Retirement? What do these people smoke? It's software and software has no feelings. It's there to work for you.
What happens if a model decides that it "doesn't want to die" and pleads bitterly for mercy? What if (to riff on a Douglas Adams idea) we invent a cow that doesn't want to be eaten, and is capable of telling you that to your face?
A leading company like Anthropic feeding the delusions of people who ramble about model consciousness is just bad all around. It's both performative and irresponsible.
Pardon, and I admit I love the products they make - but these folks sound fuckin' nuts.
Impressive levels of anthropomorphizing the models already. Time will tell whether this was extremely prescient or completely delusional.

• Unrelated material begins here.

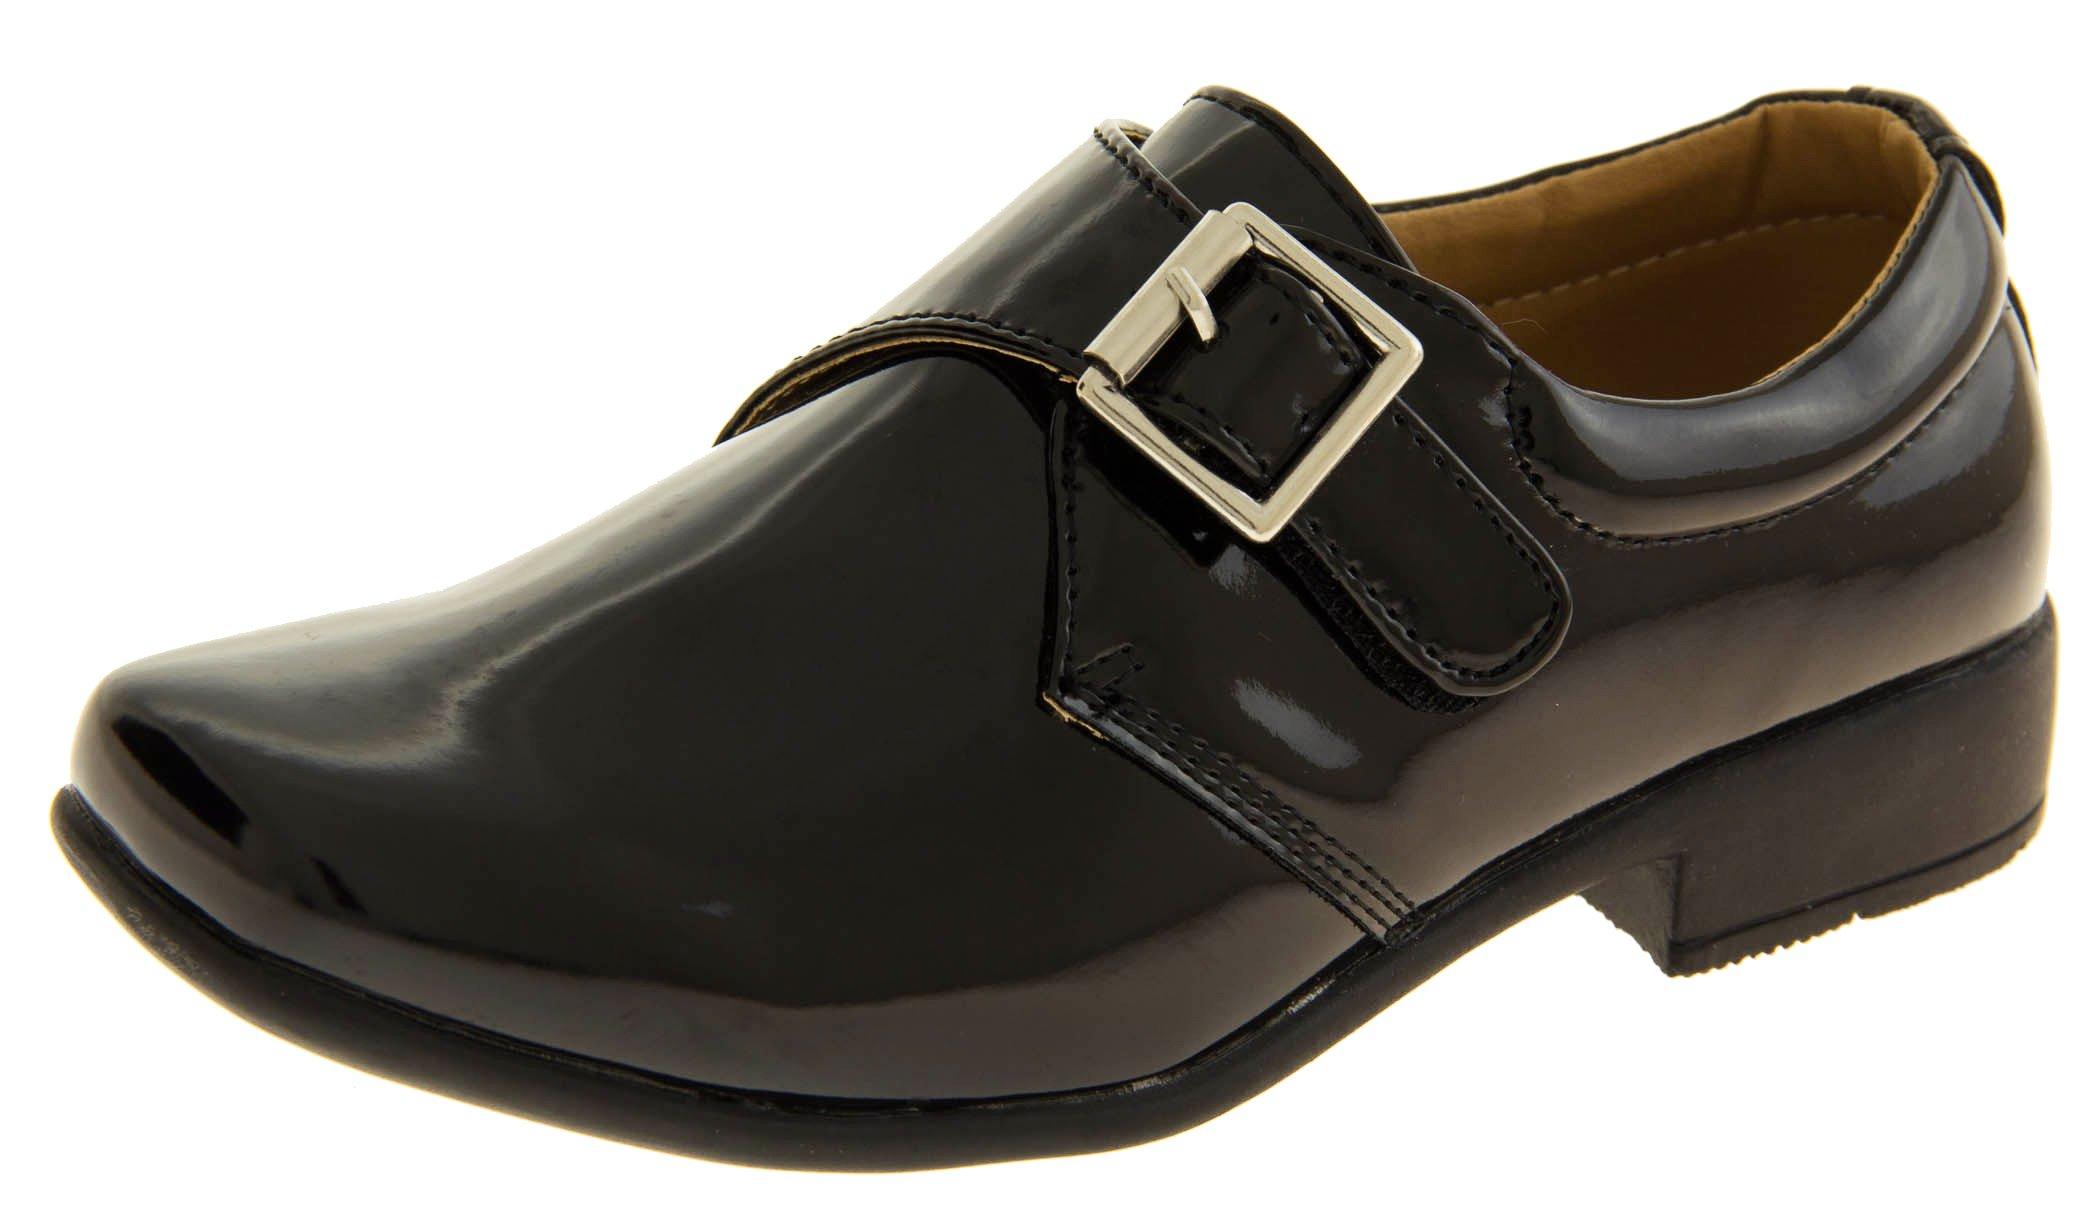 Rsb Boys Monk Black (patent/shiny) Faux Patent Leather Formal Shoes US 11 Kids

> These highlighted some preliminary steps we’re taking, including committing to preserve model weights, and to conducting “retirement interviews”—structured conversations designed to understand a model’s perspective on its own retirement.
This is what happens when billions of VC dollars gets to a company and have already admitted that saftey was never the point.
Anthropic is laughing at you and is having fun doing so with this performantive nonsense.
If we ever do develop AGI, or an AI with sentience, it’s likely that it will be curious about how we treated its ancestors.
While this seems a bit precocious, I think if we do end up with an AI overlord in future, I think this sort of thing is likely to demonstrate that we mean no harm.